We found that the process of generalization is indeed critical for the emergence of music-selectivity in the network. For the network trained to memorize the randomized labels, the distributions of music and non-music were clustered to some degree in the t-SNE embedding space (Fig. S9). However, more importantly, units in the network trained to memorize did not encode the temporal structure of music. To test this, we analyzed the response of the units with the top 12.5% MSI values in the network trained to memorize using sound quilts of music as in Fig. 4b. We found that even if the segment size of the sound quilt changed, the response of the units remained mostly constant, unlike the music-selective units in the network trained to generalize natural sounds (Fig. 5b). This supports our hypothesis that music-selectivity is based on the process of generalization of natural sounds.

To further investigate the functional association, we performed an ablation test (Fig. 5c), in which the response of the music-selective units is silenced and then the sound event detection performance of the network is evaluated. If the music-selective units provide critical information for the generalization of natural sound, removing their inputs would reduce the performance of the network. Indeed, we found that ablation of the music-selective units significantly deteriorates the performance of the network (Fig. 5c, MSI top 12.5% vs Baseline: U = 1,560,865, p = 3.027 × 10−211, ES = 0.917, one-tailed Wilcoxon signed-rank test). This effect was weaker when the same number of units with intermediate/bottom MSI values were silenced. Furthermore, the performance drop was even greater than that of ablating the units showing strong responses to inputs on average (MSI top 12.5%-L1norm top 12.5%: U = 1,223,566, p = 9.740 × 10−60, ES = 0.719, one-tailed Wilcoxon signed-rank test). This suggests that music and other natural sounds share key features, and thus music-selective units can play a functionally important role not only in music processing but also in natural sound detection.

Finally, we investigated the role of speech in the development of music-selectivity by removing speech sounds from the training dataset. We found that music-selectivity can emerge even without training speech, but speech can play an important role for units to encode the temporal structure of music in long time scales. To investigate the role of speech, data with music-related labels or speech-related labels (all labels under the speech hierarchy) were removed from the training dataset. Then, we trained the network with this dataset and compared the main analysis results with those of the network trained without music.

We found that even if speech data was removed from the training dataset, distinct clustering of music and non-music was still observed in the t-SNE embedding space (Fig. S10a). Likewise, some units in the network still exhibited music-selectivity, showing 1.77 times stronger response to music than non-music on average (Fig. S10b). However, further analysis using sound quilts showed that the response of music-selective units in the network trained without speech shows less sensitivity to the size of the segment compared to that of the network trained with speech (Fig. S10c). This suggests that training with speech helps the network units to acquire long-range temporal features of music.
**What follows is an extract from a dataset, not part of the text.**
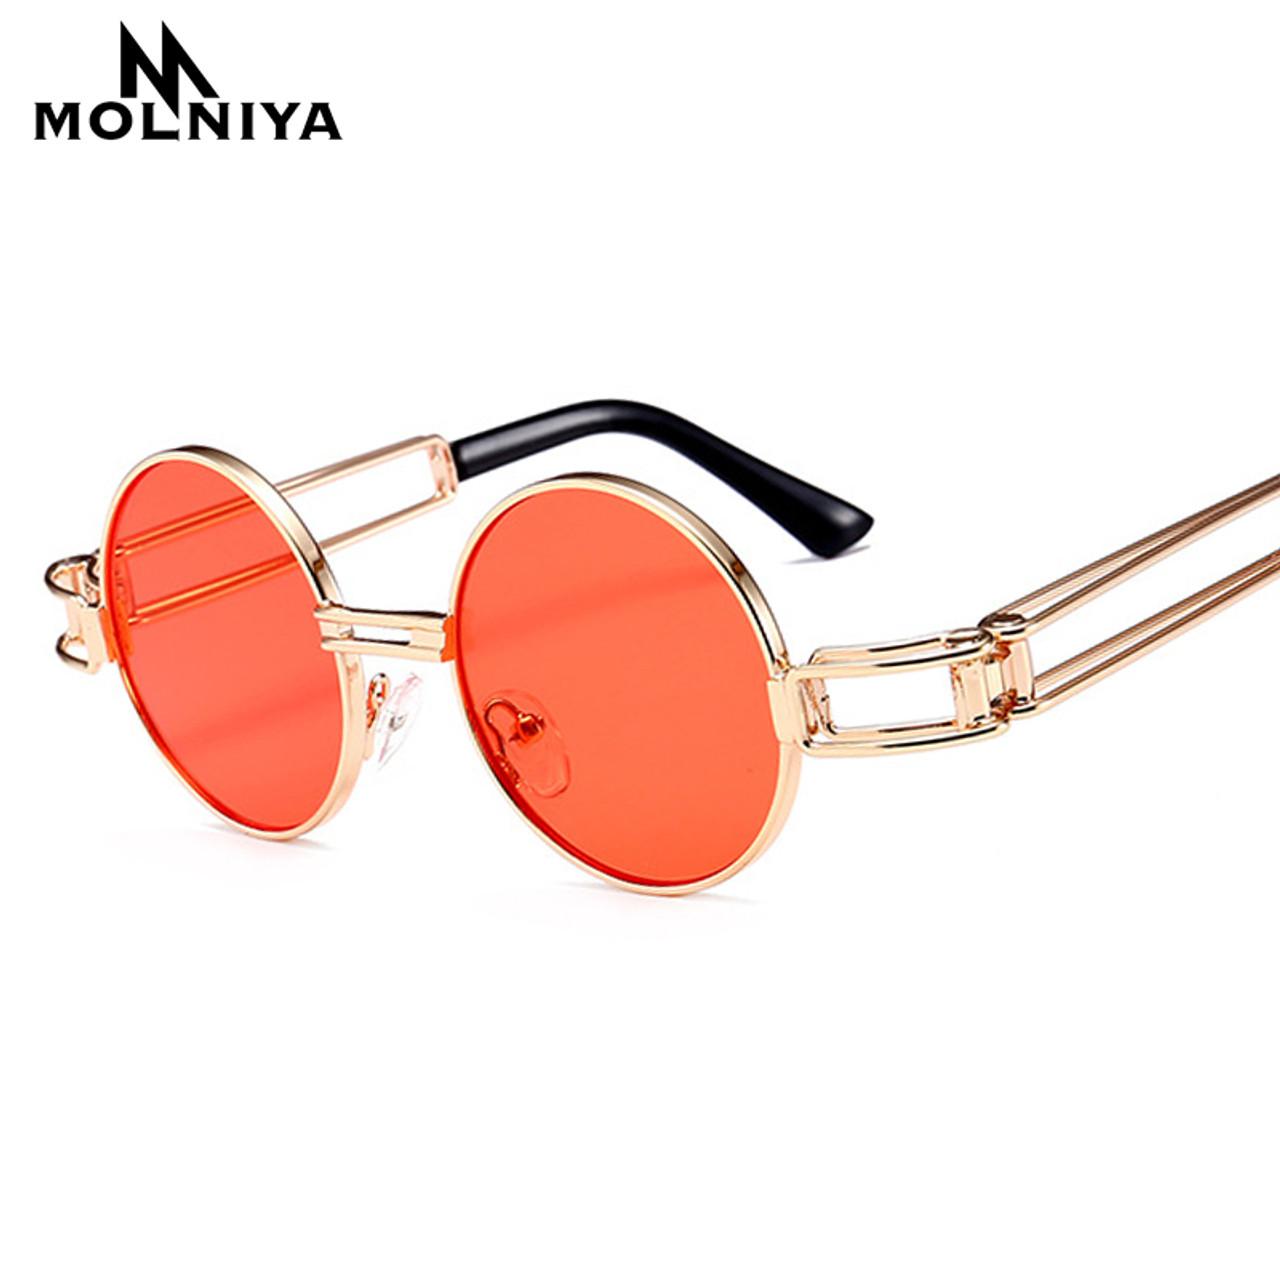 8415e5b921bb ... MOLNIYA New Small Round Sunglasses Men Retro Red Yellow 2019 Gold Frame  Steampunk Round Metal Sun ...

Nevertheless, the learned features did not contain much information about speech, unlike music. First, our t-SNE analysis showed that some weak degree of clustering of speech can still emerge in the t-SNE space without training speech (Fig. S11a). Next, we checked whether the average response of the units to speech is significantly higher than the non-music stimuli. There was no statistically significant evidence that the average response to speech sounds is stronger than that to non-speech sounds (Fig. S11b). Furthermore, we evaluated the speech-selectivity index (SSI) of each network unit as the difference between the average response to speech and non-speech in the test dataset normalized by their unpooled variance (Fig. S11c, similar to MSI). The units with the top 12.5% SSI values showed a 1.31 times stronger response to speech than other sounds in the training dataset on average, which is far lower than that of using music (Fig. 2b). Furthermore, the response profile of putative speech-selective units (top 12.5% SSI values) to sound quilts of speech did not show the patterns observed for MS units, implying that the network units do not encode the temporal structure of speech41 (Fig. S11d). We also tested the encoding for other sound categories including vehicle, animal, and water sounds (categories with the top 3 data numbers in the training dataset, except music and speech) using the network trained without music, but we found that the properties observed for the other sound categories are less significant than that in music (Fig. S12).

Discussion

Here, we put forward the notion that neural circuits for processing the basic elements of music can develop spontaneously as a by-product of adaptation for natural sound processing.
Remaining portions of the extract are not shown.